The syndicate comprised of seven banks based in Jordan, UAE and Qatar: Mashreq, Arab Bank plc, Al Khalij Commercial Bank (Al Khaliji) Q.S.C, Dubai Islamic Bank, and The Commercial Bank/Qatar acting as Mandated Lead Arrangers.
In addition, Arab Jordan Investment Bank acted as Lead Arranger and Bank al-Etihad as Arranger, and Mashreq Bank was the sole book-runner for the loan.
The facility carries a tenor of five years and the proceeds of the facility will be primarily utilised to consolidate and refinance RJ’s existing debt and further support the company’s on-going strategic growth.
Chairman of Royal Jordanian board of directors Suleiman Hafez said: “Royal Jordanian has successfully secured a hybrid structured debt instrument as part of the airline’s on-going strategic capital raising program, to support its intensive turnaround and growth plans to evolve into one of the leading airlines in the Levant and Middle Eastern region.”
President / CEO of Royal Jordanian Captain Suleiman Obeidat said: “We would like to show our gratitude to Mashreq and other participating banks for the successful closure of this deal, which will support the airline’s well-studied plans to carry out network expansion and fleet modernisation, particularly that RJ will introduce more 787s to its fleet by the end of this year.
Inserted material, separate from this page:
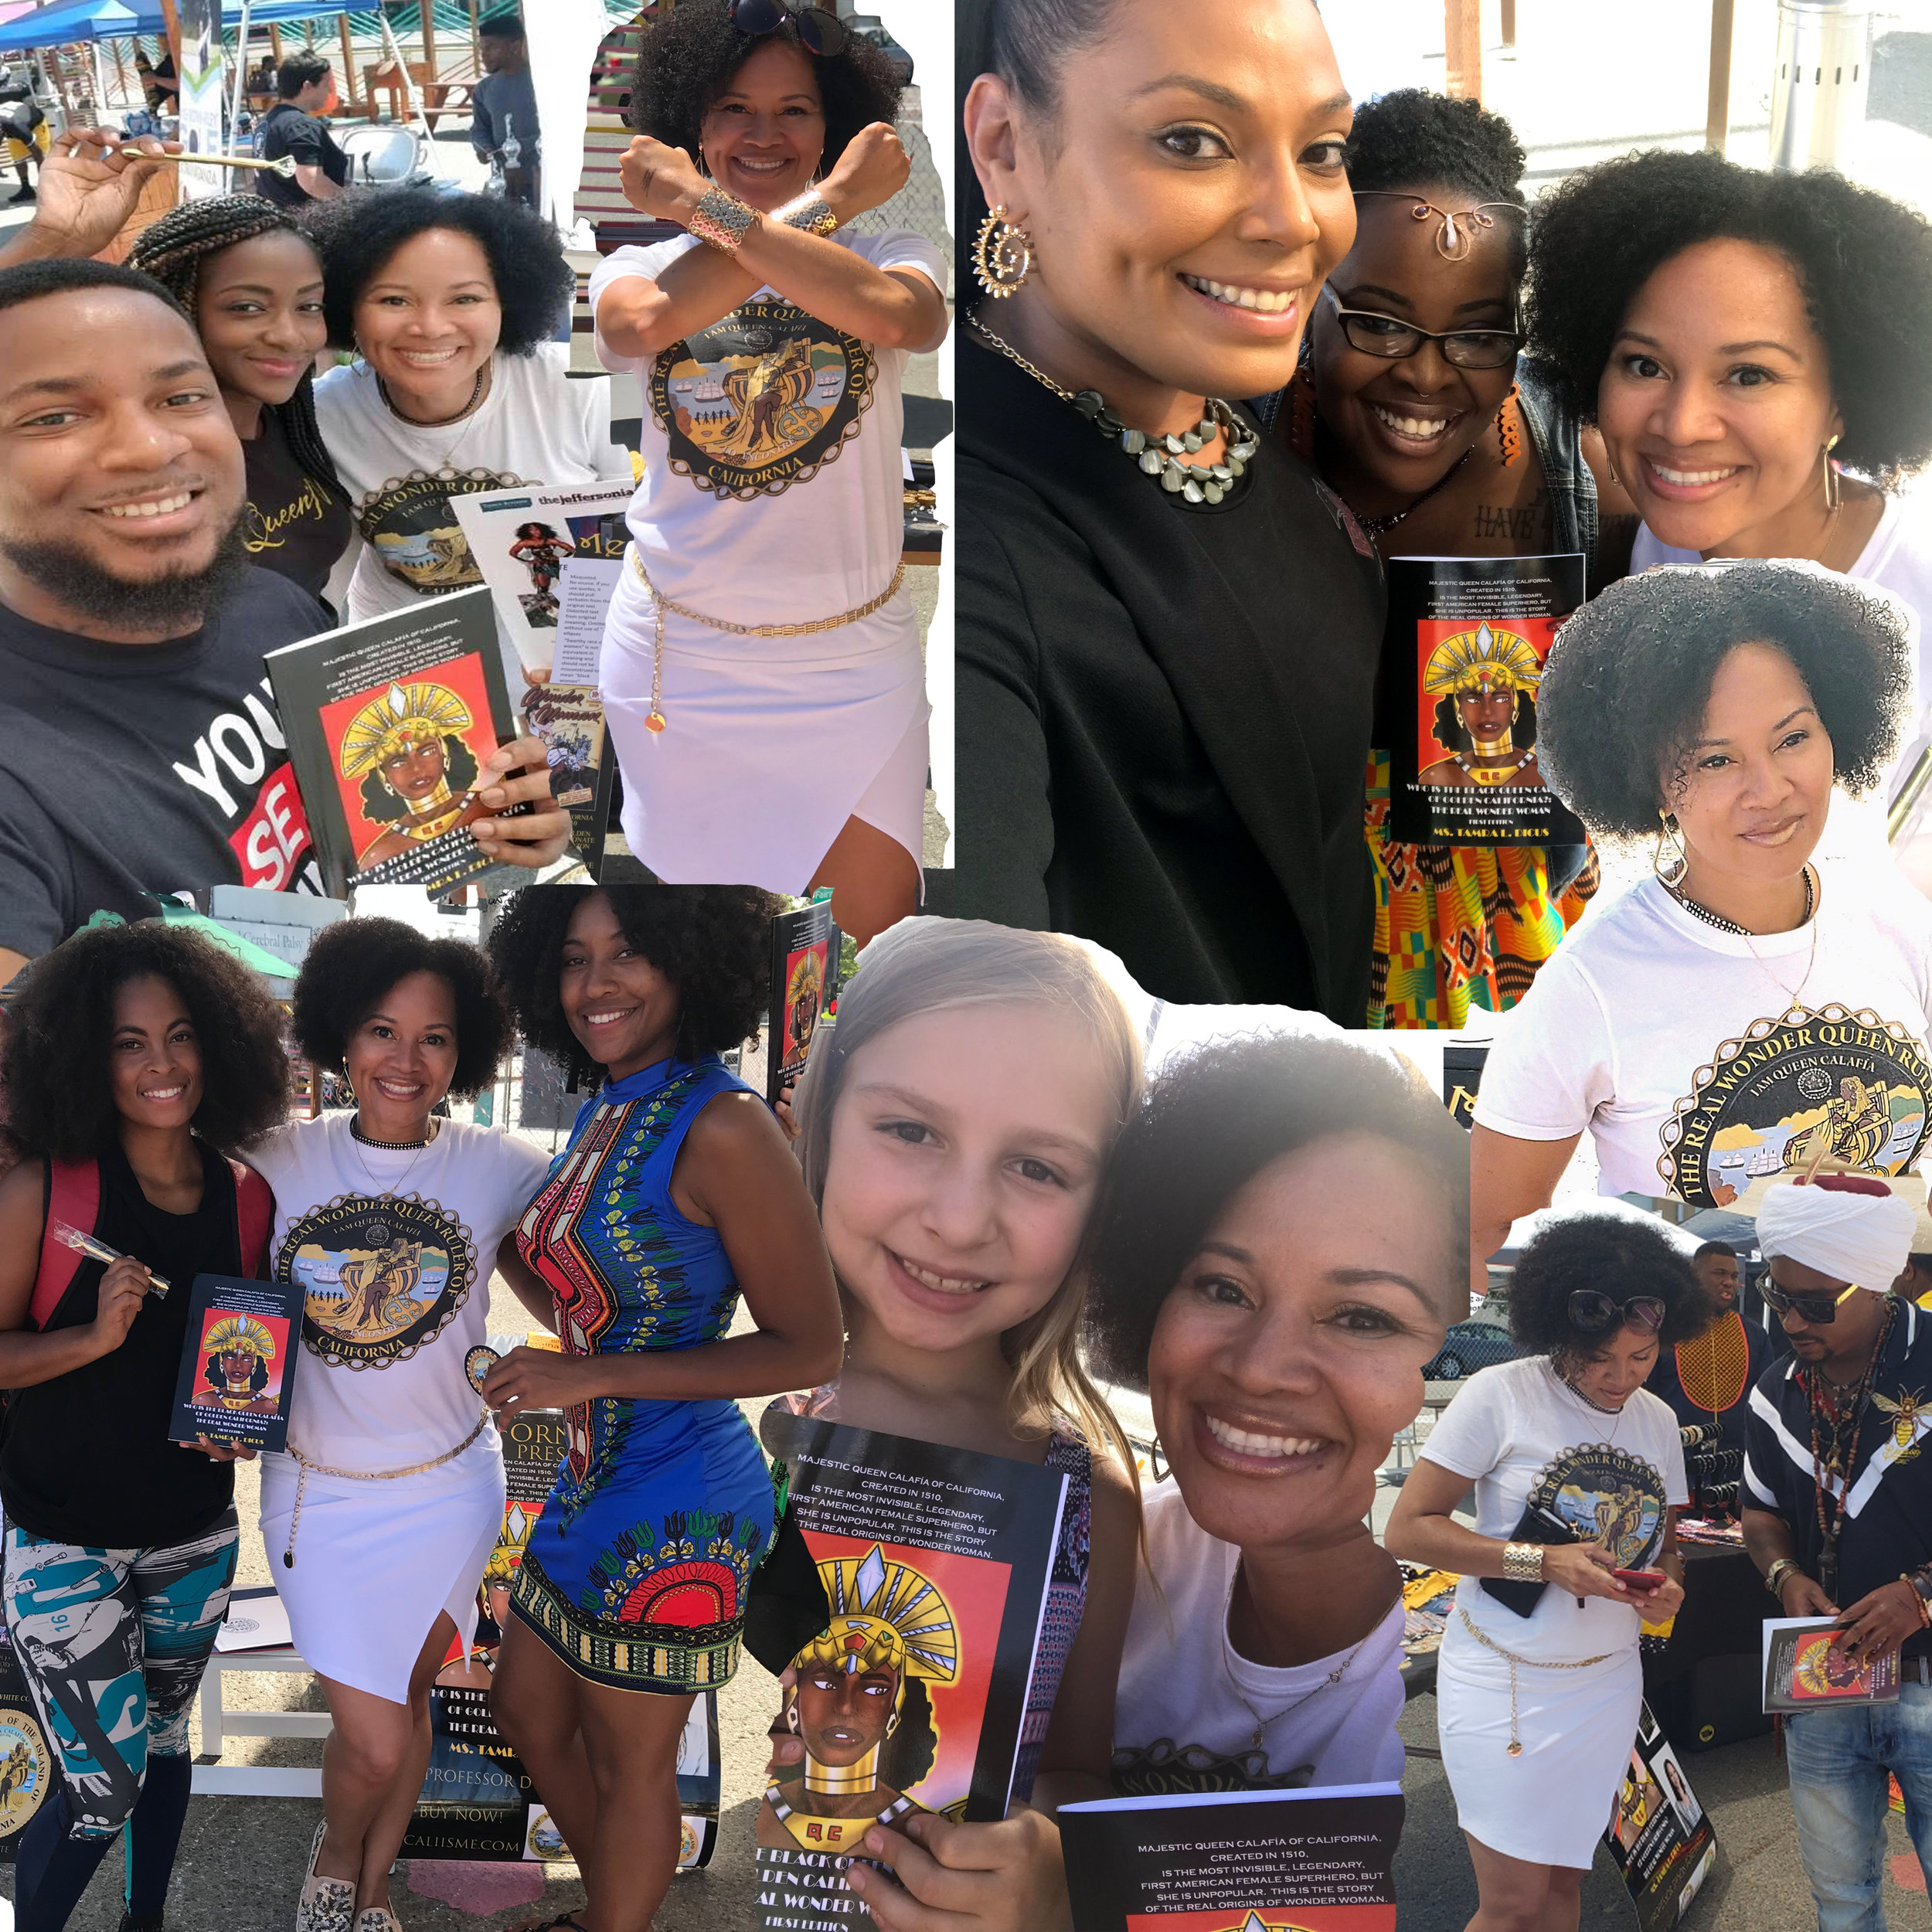 Young Blacks YnB Sept. 5 2018 collage.jpg

Today five 787s are operating in the fleet since 2014.”
Salman Gulzar, head of corporate banking at Mashreq Qatar stated: “The successful closure of this transaction by Mashreq in these uncertain times demonstrates the trust and confidence we and our partner banks have in supporting reputable and strong Levant based corporates in the regional and international debt market.
“Jordan has always been a strategic market for Mashreq and we remain committed to working alongside our core relationship clients like Royal Jordanian.”